DATA SECTION START

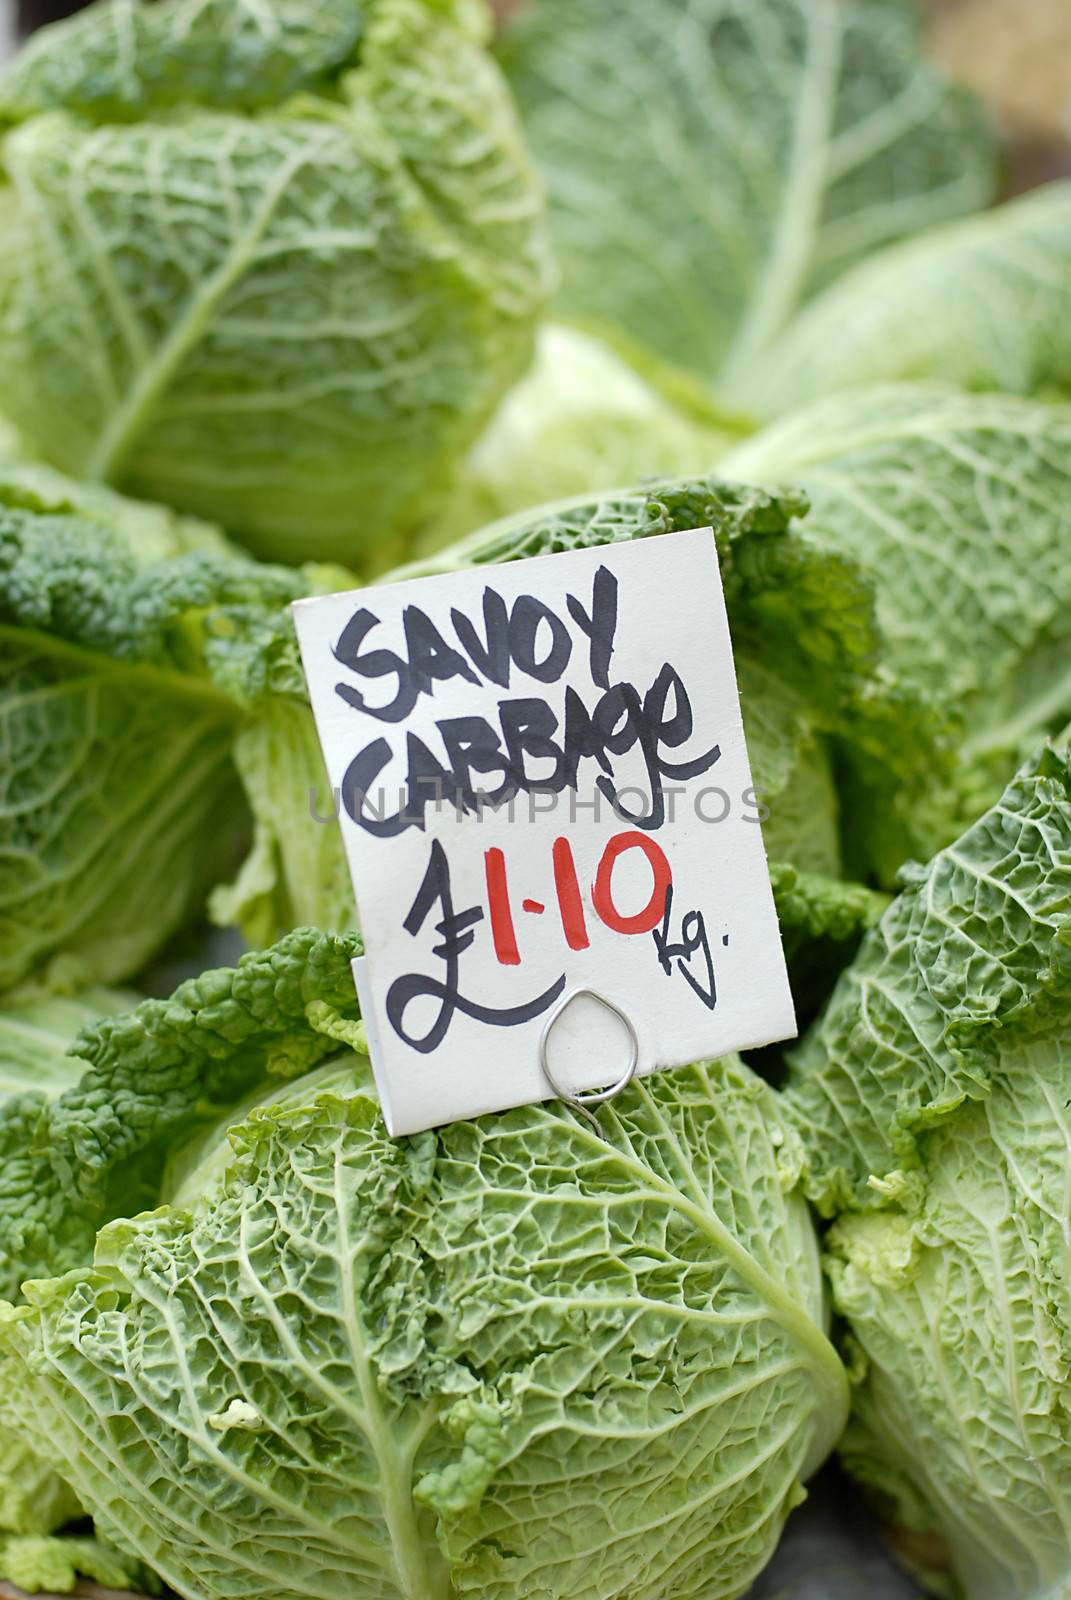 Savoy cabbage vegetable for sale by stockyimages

DATA SECTION END
DATA SECTION START

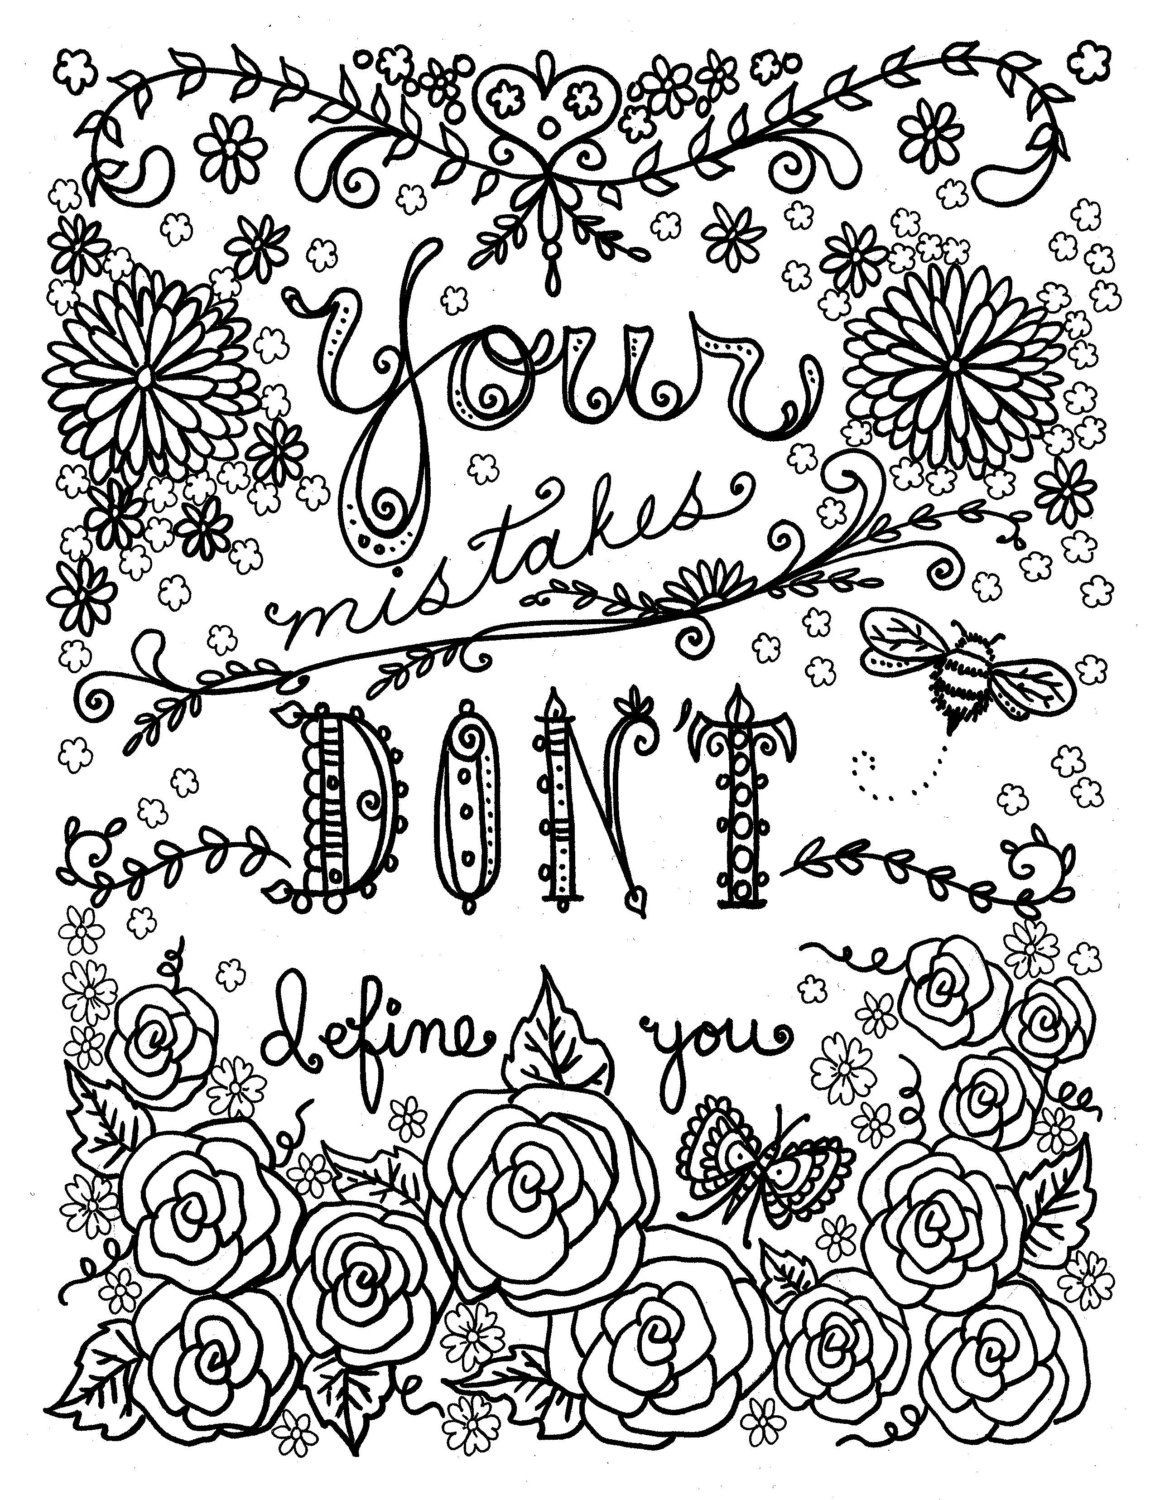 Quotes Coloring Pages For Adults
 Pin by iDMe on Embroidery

DATA SECTION END
DATA SECTION START

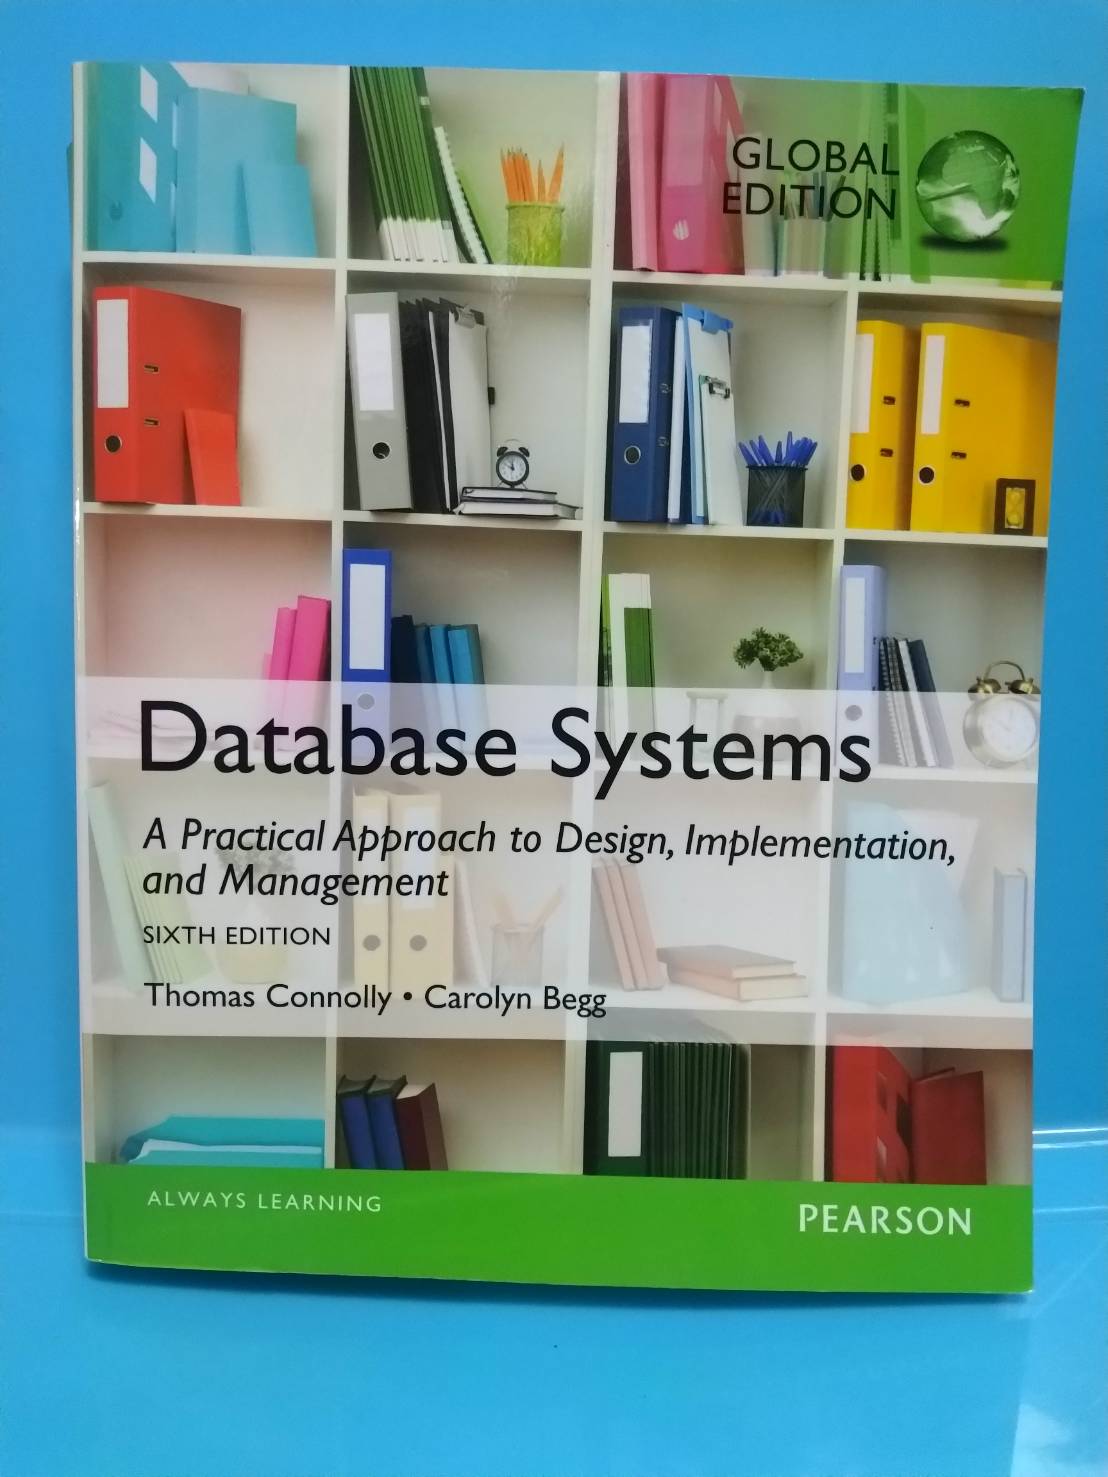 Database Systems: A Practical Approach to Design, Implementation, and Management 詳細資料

DATA SECTION END

## EXERCISE DIRECTIONS:
Copy needed, without pictures: the lines of the listing above from the line containing "Quotes Coloring Pages For Adults" up to and including the line containing "Pin by iDMe on Embroidery", set down exactly.

## SOLUTION TO THE EXERCISE:
 Quotes Coloring Pages For Adults
 Pin by iDMe on Embroidery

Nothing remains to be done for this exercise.